First-Generation Student? Highlight, Don’t Hide

The National Center for Education Statistics defines first-generation students as “undergraduates whose parents never enrolled in postsecondary education.” If only one of your parents attended college, you may not be considered a first-generation college applicant. However, if you have a sibling who attended college, and your parents did not, in most cases you will still be considered a first-generation student. It’s always best to check a particular school’s definition of first generation, and their specific policy. MIT, for instance, defines first-generation students as “…those who will be the first in their family to graduate from a four-year college,” implying that if a parent attended a two-year college, the student could still be considered first generation.

YOU’RE NOT ALONE

If you’re among those who are applying to college as a first-generation student and you’re hesitant to talk about your parents’ educational status, you’re not alone. Thirty percent of entering freshmen in the United States are first-generation college students. Cornell’s Class of 2020 boasts nearly 700 first-generation college students and first-gen students in the Class of 2020 at Williams College come in at 255 or twenty-one percent!

We field college admissions questions from thousands of families, and notice that first-generation students are often reluctant to identify themselves as such. Oftentimes, we’ve found they may feel embarrassment or think it is an irrelevant fact. IT ISN’T!

TTA-First-Generation-Student-Hooray

Be Proud

HIGHLIGHT, DON’T HIDE!

Instead of hiding this critical information, first-generation students should highlight it. Why? Many colleges track this nonacademic statistic. 14.7 percent of Dartmouth’s Class of 2020 are first-generation students and 12 percent of the University of Pennsylvania’s class of 2019 are first-generation college students. Admissions officers seek a diverse student body and want to hear about the forces that have shaped a student’s life, including if you are the first in your family to attend college.

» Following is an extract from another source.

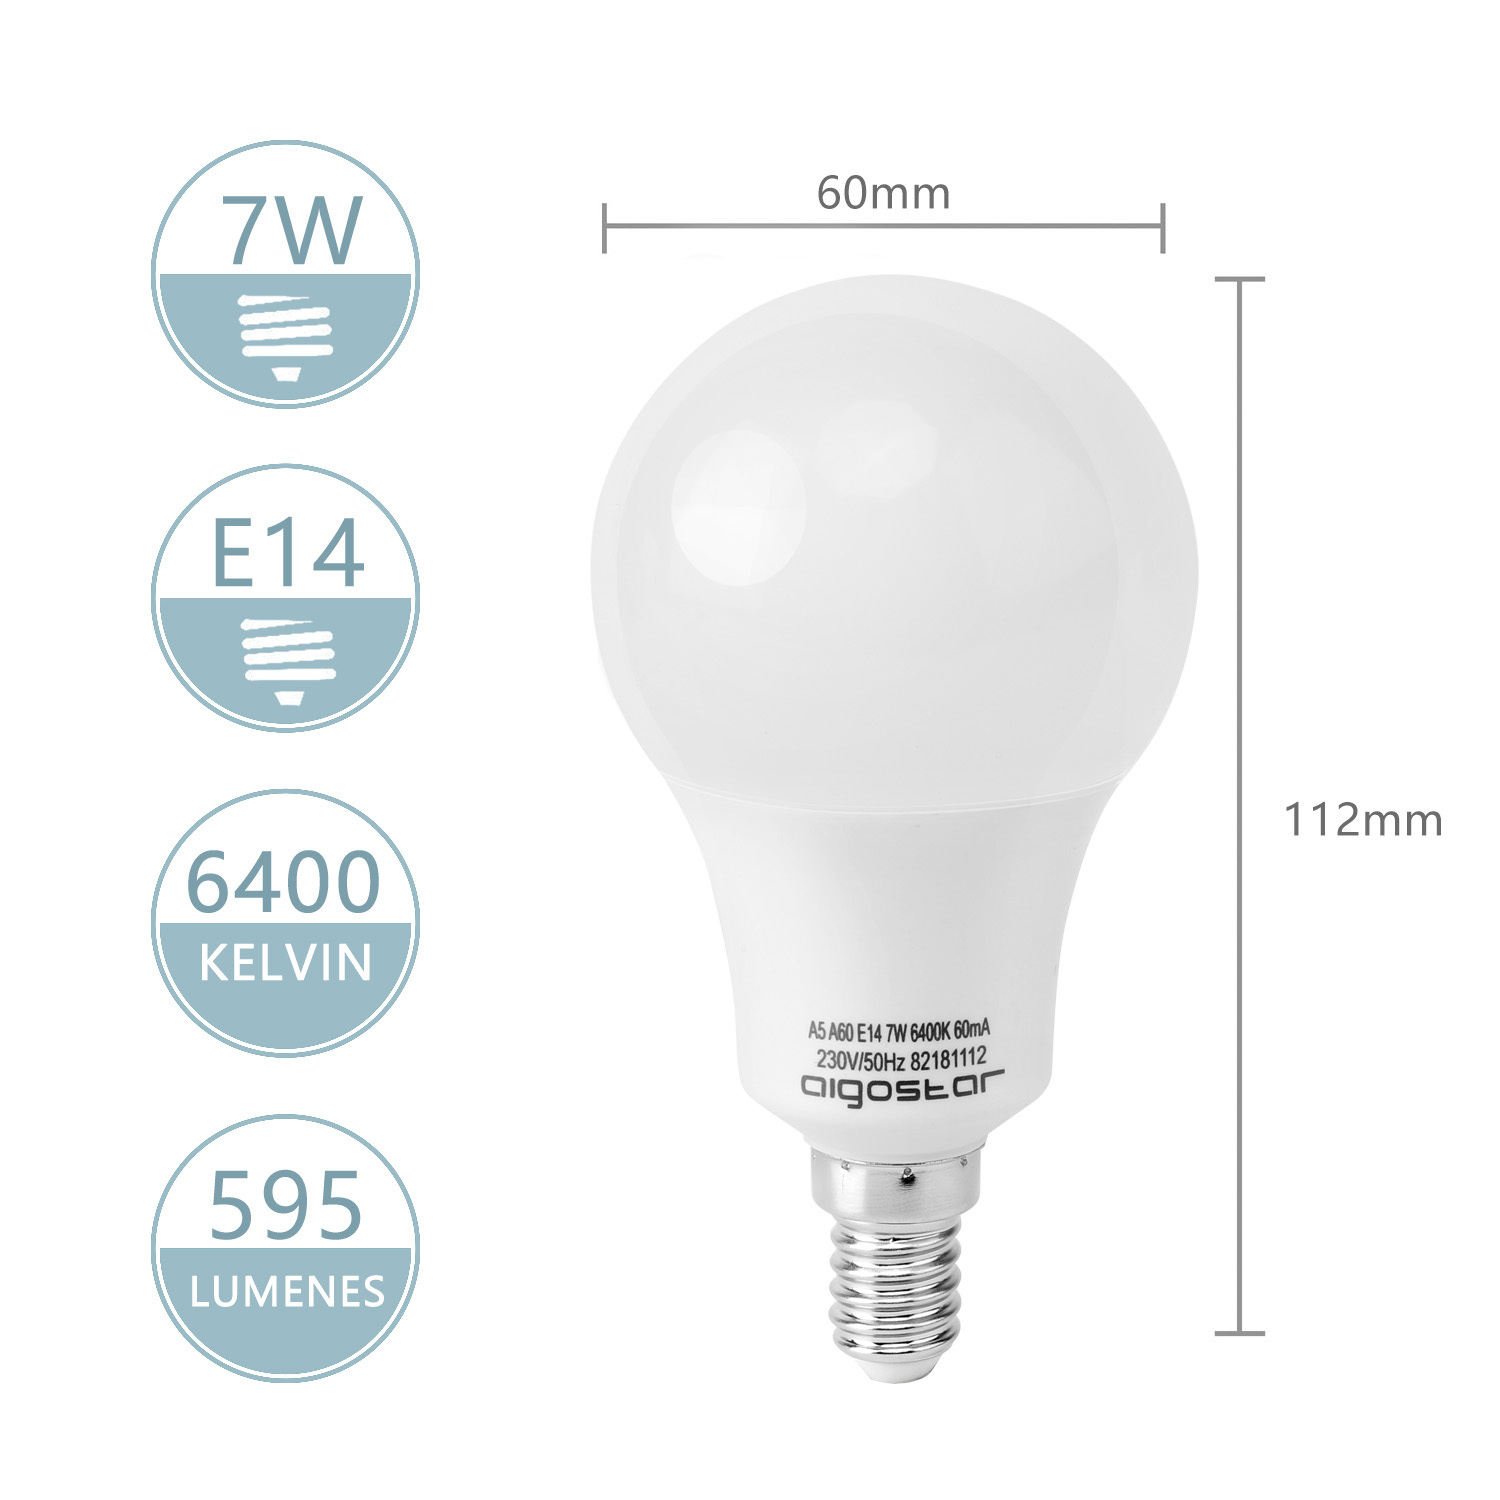 Aigostar - LED Lampe A60 E14, 7W (ersetzt 47W), kaltweißes Licht 6400K, 595 Lumen, Multipack mit 5 Lampen.(10)

TOP TIER’S TIPS FOR FIRST-GENERATION STUDENTS

Here are a few additional tips for first-generation college applicants:

  • Define ‘First-Generation’

Be sure you identify exactly how ‘first-generation student’ is defined at your target schools, as it varies.

  • Complete the Additional Information Section on the Common App

The additional information section on the Common Application is the place to include information that you haven’t included anywhere else on the Common App and an ideal spot to write an essay that highlights how your life has been shaped by having parents who did not attend college. It also provides an opportunity to demonstrate what attending college means to you, given your background. By opting out of this section, you lose a chance to set yourself apart from your peers.

  • Look for Resources at Your Target Schools

Statistics show that first-generation students often need more support. According to the EAB, 90 percent of low-income first-generation students leave college within six years without a degree. More than a quarter leave after their first year — four times the dropout rate of higher-income second-generation students.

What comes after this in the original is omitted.